Alain se despierta un día temprano y le agarra un ACV. La brutalidad de la escena no se condice para nada con el tono más bien cándido que dominará la película: el protagonista está en la cama, no entiende qué le pasa, se toca el brazo y no lo siente. Se despierta de nuevo, esta vez tirado en el suelo, se levanta arrastrándose, se viste y baja a que le sirvan el desayuno como si nada hubiera sucedido. No se sabe si el hombre no entiende del todo la gravedad de su situación o si sigue bajo los efectos del ataque y no comprende. Sale a la calle, se cae y lo llevan al hospital. Ahí se le explica todo, la película adopta definitivamente los aires de una comedia amable y se olvida de ese comienzo más bien crudo. Se olvida en un sentido fuerte: lo que sigue es el relato de un gruñón algo malvado que debe aprender a convivir con los otros y a disfrutar de la vida. Un Scrooge francés, digamos, esta vez bajo el traje de un empresario de la industria automotriz que tiene que enmendar un pasado de fastidios y malos tratos.
El director Hervé Mimran no está del todo convencido con la idea, sin embargo: tal vez crea que la historia de Alain no alcanza y suma una trama secundaria arrancada prácticamente de otro universo. Se trata de la terapista de Alain, una chica árabe adoptada por franceses que busca sin suerte conocer la identidad de su madre. La pareja de protagonistas está servida, entonces: un empresario sin escrúpulos es devastado por una enfermedad imprevista y puesto al cuidado de Jeanne, que trabaja en un hospital público con pacientes afectados por ACV y los ayuda a recuperarse. Eso, el encuentro de los dos, cambia todo: la película ya no promete la caída y posterior ascenso de un hombre despreciable, sino un lento proceso de reaprendizaje. Alain perdió competencias lingüísticas que Jeanne trata de recomponer con ejercicios; reaprendizaje, a fin de cuentas, que es tan neurológico como moral: de lo que evidentemente se trata es enseñar a Alain a ser una buena persona, y la encargada de semejante tarea es Jeanne, un personaje cristalino, incontestable, con ese hálito de santidad que otorgan el servicio y el abandono; un estereotipo confeccionado rigurosamente a la medida de la corrección política.

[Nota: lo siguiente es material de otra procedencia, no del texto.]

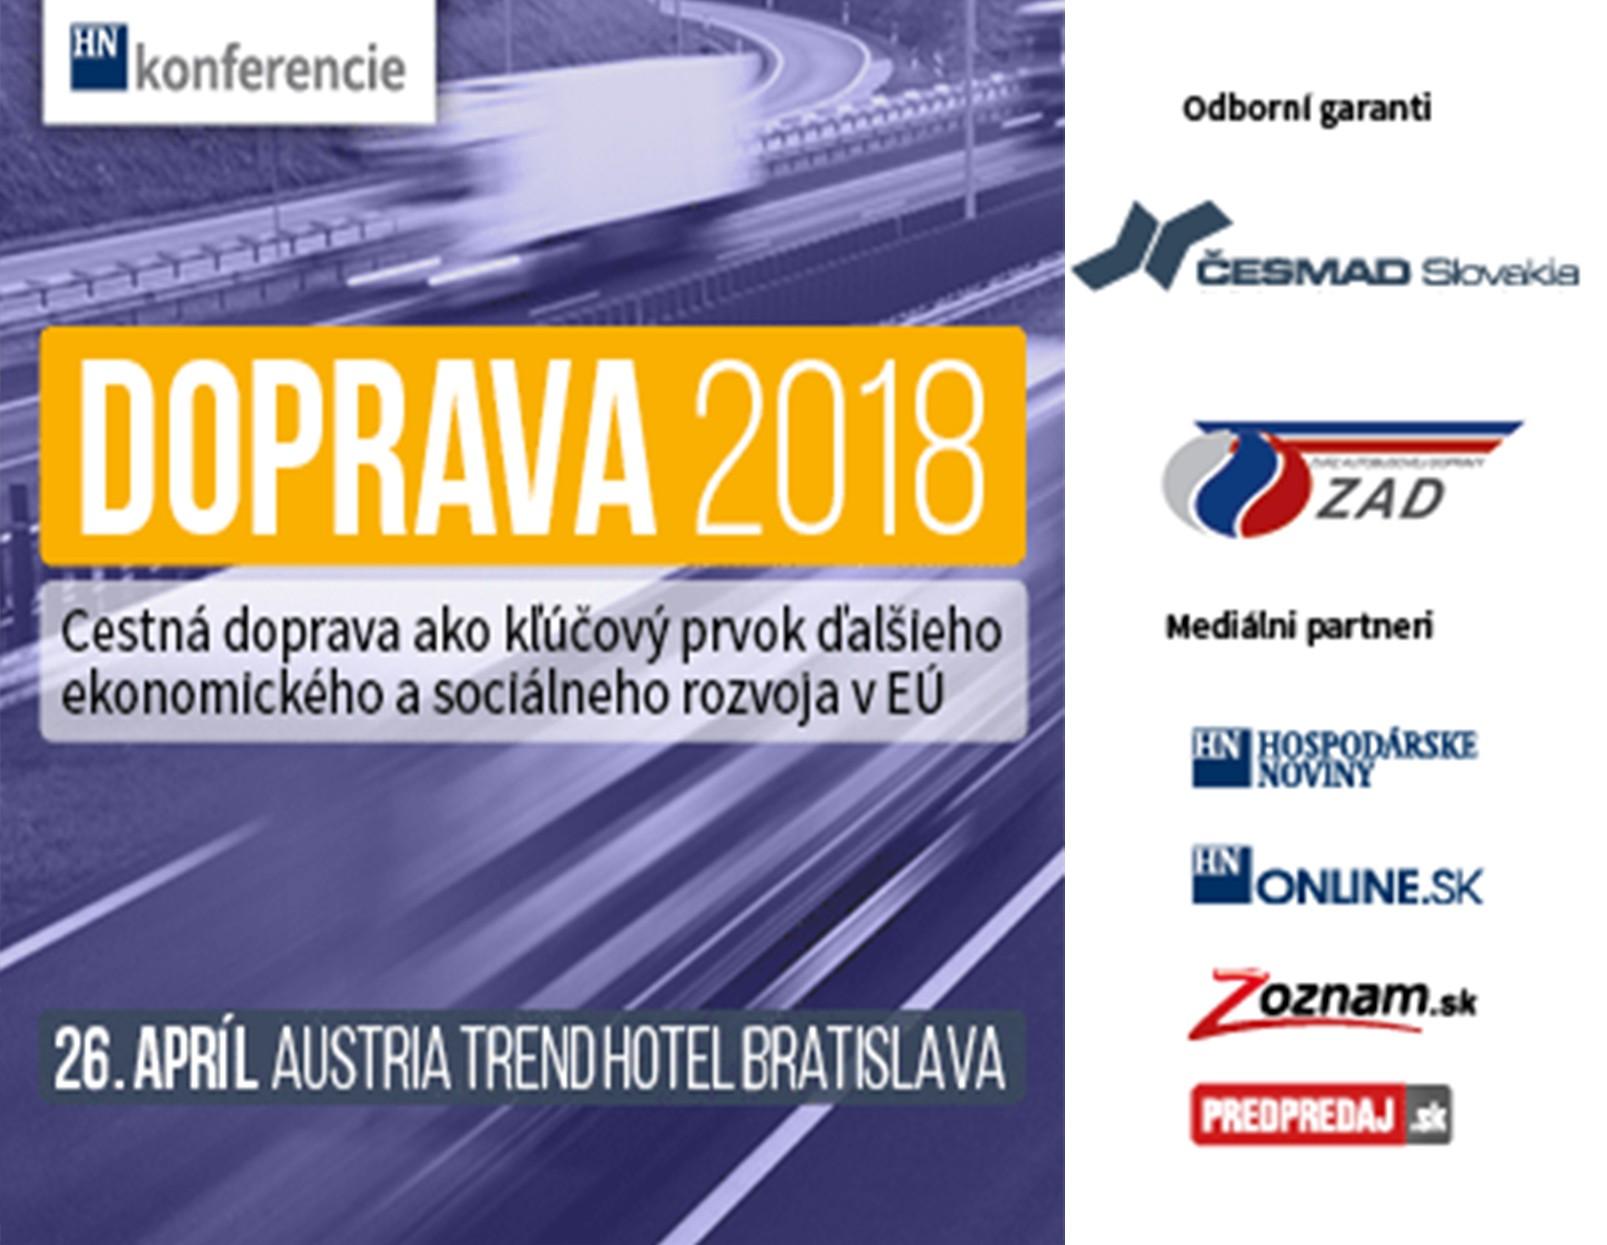 Konferencia DOPRAVA 2018

La moraleja de Un hombre en apuros es de una simpleza y una precariedad contundentes: todo, desde el tono general hasta las paredes del hospital es color pastel, una seguidilla interminables de superficies agradables al ojo y de chistes inocuos que evitan cualquier posible agresión visual o narrativa (descontando, claro, el ataque del comienzo, un real accidente en términos cinematográficos). Estamos ante un objeto de una factura profesionalísima, un artefacto cuyo funcionamiento es garantizado por el acople milimétrico de las partes que lo componen: el relato, la fotografía y el montaje trabajan con esmero para borrar sus huellas, el espectador no debe ver ni la más mínima costura, solo a Alain y su larga recuperación.
En ese clima, incluso la moralina rancia que destila la película resulta en el fondo inofensiva, un trago que se toma rápido y fácil, como el whisky rebajado con unas gotas de agua que bebe Alain. El mundo que concibe Mimran es así, sin bordes ni asperezas de ninguna especie donde hasta las tragedias más terribles se atraviesan apaciblemente, sin grandes contratiempos, con una suerte de optimismo convencido que tiene su expresión más perfecta en Vincent, el enfermero que para conquistar a Jeanne hace pavadas como hablar con su skate o surfear sobre camillas. Ese tonto fenomenal condensa una ética del entusiasmo y de la superación personal que la película esgrime sin el menor atisbo de mala conciencia. El espectáculo es insípido hasta el cansancio, pero esa visión del mundo y la seguridad con la que se la ofrece parecen restos de un pasado distante en el que el cine todavía podía permitirse el lujo de la inocencia. En el final el director se atreve a filmar bosques, praderas, ciervos, montañas, trenes increíbles y reuniones familiares, todo eso junto en el espacio de unos pocos minutos; un bálsamo edulcorado y un poco soso pero efectivo contra la pose de desencanto permanente que cultiva mucho cine.